Two images side by side. One shows a laptop opened to a map view with a vehicle model showing a vehicles location. A transparent overlay shows various blue-ish buttons for sending commands to the vehicle. The image on the right is of the interior of a Nissan Leaf. Visible are the very edge of the steering wheel, the center dash including the infotainment display, vents, and shifter, and part of the right side of the dash. Passenger and driver legs are just barely visible at the bottom of the image.

Hack Turns Nissan Leaf Into Giant RC Car

As cars increasingly become computers on wheels, the attack surface for digital malfeasance increases. The [PCAutomotive] group shared their exploit for turning the 2020 Nissan Leaf into 1600 kg RC car at Black Hat Asia 2025.

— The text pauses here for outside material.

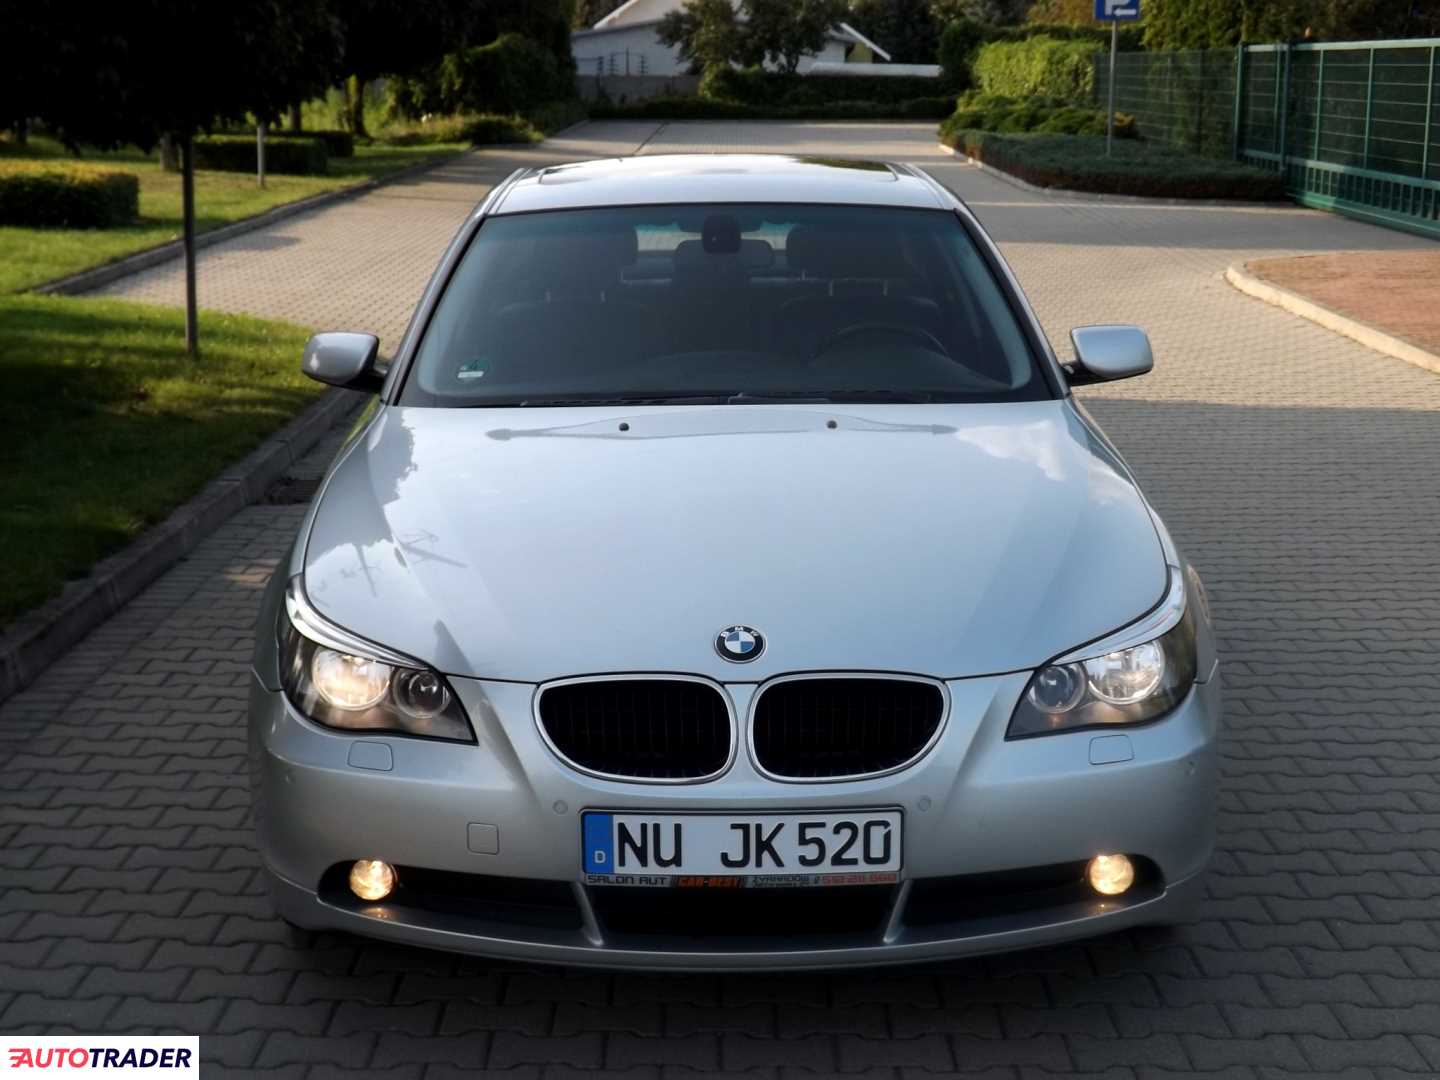 BMW 520 2.2 benzyna 170 KM 2004r. (Żyrardów) Autotrader.pl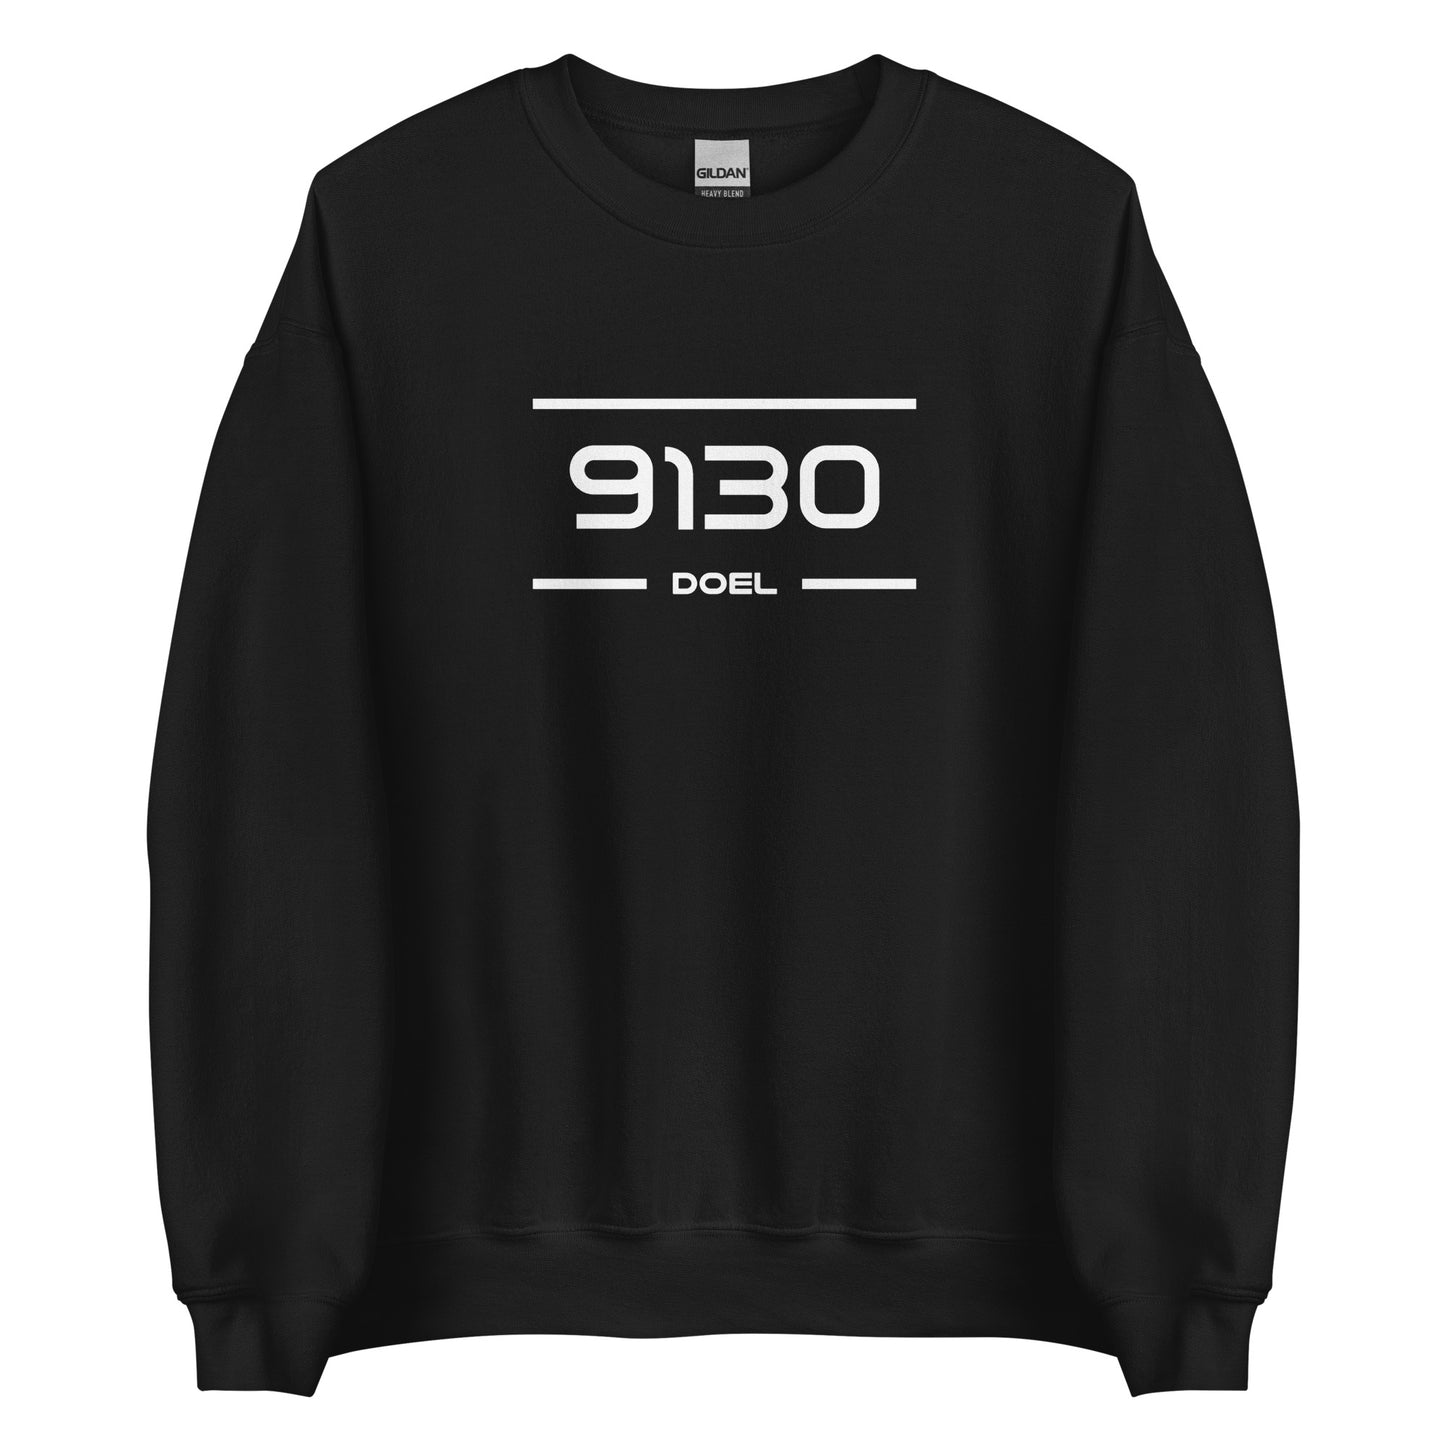 Sweater - 9130 - Doel (M/V)

Starting with some scavenged infotainment systems and wiring harnesses, the group built test benches able to tear into vulnerabilities in the system. An exploit was found in the infotainment system’s Bluetooth implementation, and they used this to gain access to the rest of the system. By jamming the 2.4 GHz spectrum, the attacker can nudge the driver to open the Bluetooth connection menu on the vehicle to see why their phone isn’t connecting. If this menu is open, pairing can be completed without further user interaction.

Once the attacker gains access, they can control many vehicle functions, such as steering, braking, windshield wipers, and mirrors. It also allows remote monitoring of the vehicle through GPS and recording audio in the cabin. The vulnerabilities were all disclosed to Nissan before public release, so be sure to keep your infotainment system up-to-date!

If this feels familiar, we featured a similar hack on Tesla infotainment systems. If you’d like to hack your Leaf for the better, we’ve also covered how to fix some of the vehicle’s charging flaws, but we can’t help you with the loss of app support for early models.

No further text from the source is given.